I wrote to the insurance company in early 2016 and offered them a choice. They could either pay out the full value remaining on April’s claim plus a reasonable amount to cover all of her expenses and legal fees, or go to trial.

The insurance company refused both options and unilaterally re-instated April’s benefits. April was horrified; she had no trust in the insurer and didn’t want to be in a relationship with them again. She also told me that had she not retained me she might have simply accepted the insurance company’s termination. She was afraid that other vulnerable people might fall victim to similar tactics if the insurance company was not taken to task. She instructed me to push forward with a “bad faith” lawsuit against the insurance company.

I set up an examination for discovery of the person who terminated April’s claim, and had a major fight with the insurance company about getting her training records. It turned out that the decision maker had a business and collections background, and was likely unqualified to handle such a complex claim.

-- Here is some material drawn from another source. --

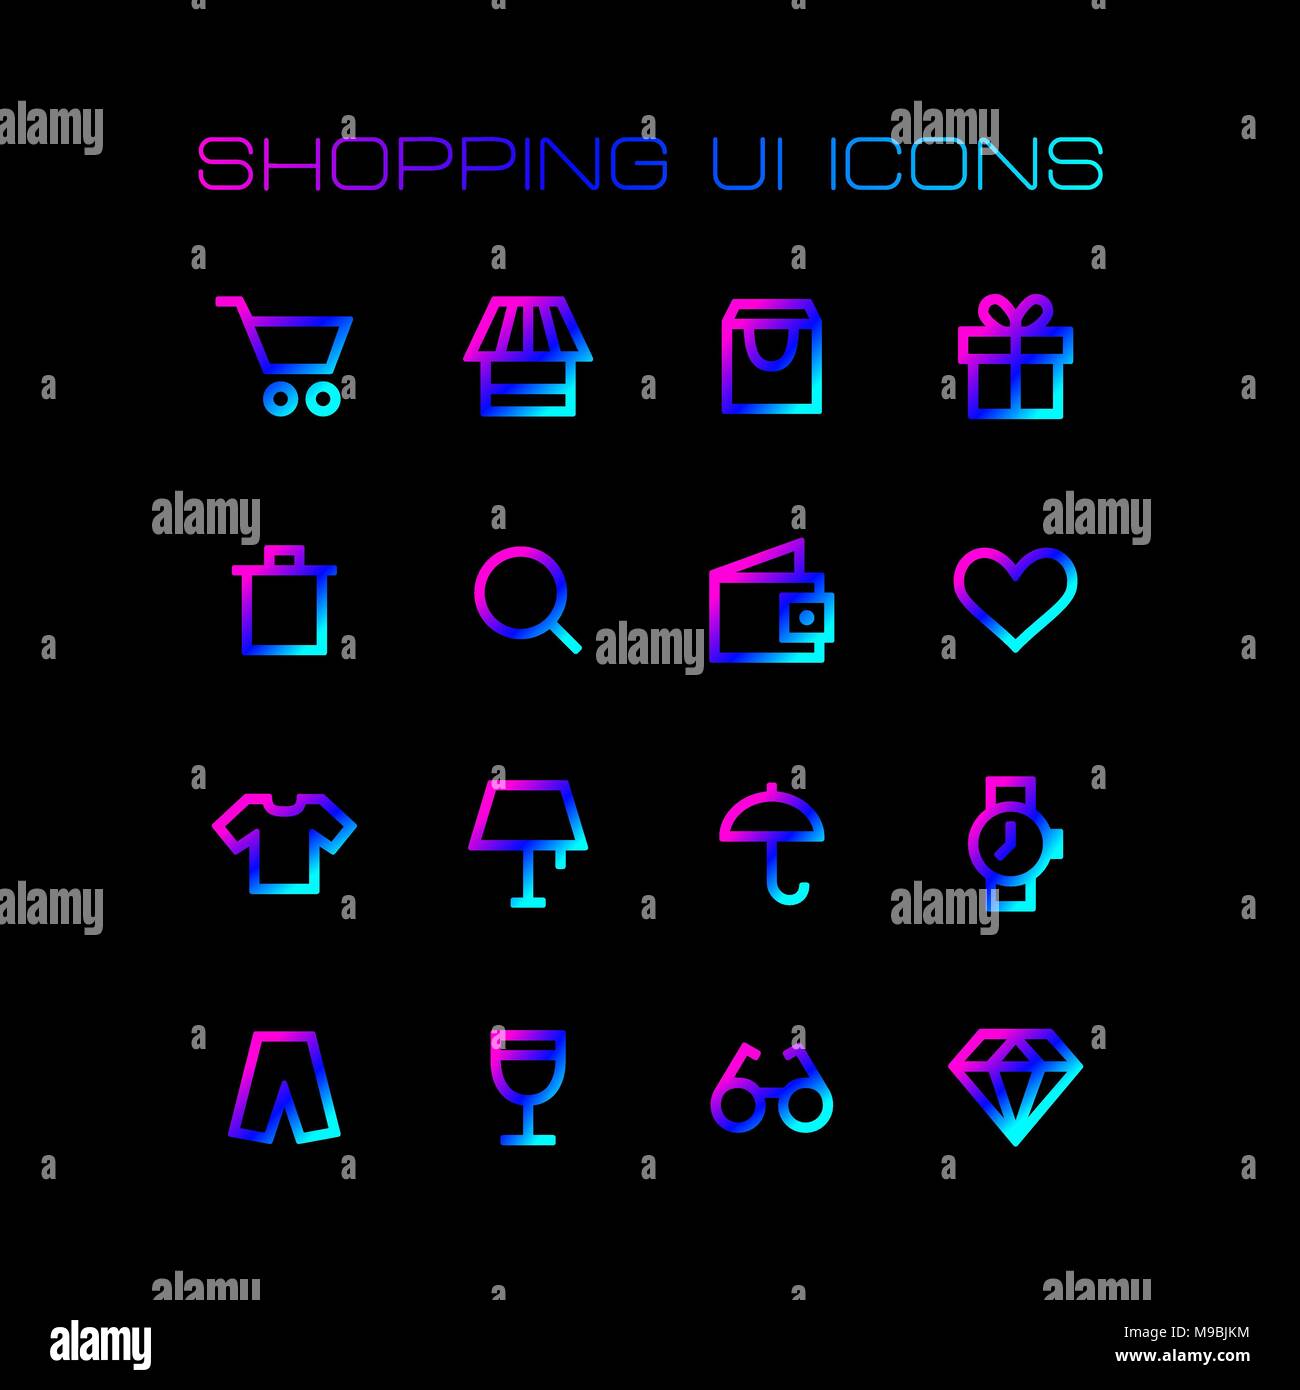 Online shopping ue Icons für einfache flache Design gesetzt. Stock Vektor

I set the action for a jury trial.

Finally the insurance company came to me and offered to buy out April’s claim, but at a significant reduction on the basis that she may die or get better before age 65 (when her policy benefits would end). April decided to try, one last time, to get the insurance company to settle her claim. I wrote another letter, in which I said, in part:

In opening to the jury I will highlight the fact that there is no issue as to what the insurer did, the question is: why?

Why, in the face of 15 years of medical records supporting total disability, did the insurer cut her off?

Why, in the face of the CPP independently finding her suffering from a severe and prolonged, did the insurer cut her off?

Why, in the face of its own expert supporting total disability, did the insurer cut her off?

Why was it so easy for the insurer to reverse the termination, without additional medical evidence, just weeks after it cut her off?

In my closing I will educate the jury about the purposes of punitive damages: not just to denounce and punish, but to deter – specifically and generally. I will ask the jury to consider how high a punitive damages award must be to change the behavior of a corporation with net annual profits of several billion dollars.

Additionally, I will ask the trial judge to charge the jury on the law as set out in Asselstine v. Manulife and UBC, 2003 BCSC 1119 (affirmed on this issue at 2005 BCCA 292), where the Court noted that:

A duty of good faith and fair dealing requires an even-handed evaluation of all evidence before the insurer by the insurer. Just as one cannot cherry-pick the information to send to an assessor for a rehabilitation opinion, one cannot choose only to accept certain medical evidence in the face of compelling, conflicting evidence.

One hour after I sent my letter the insurance company accepted April’s offer and settled her claim.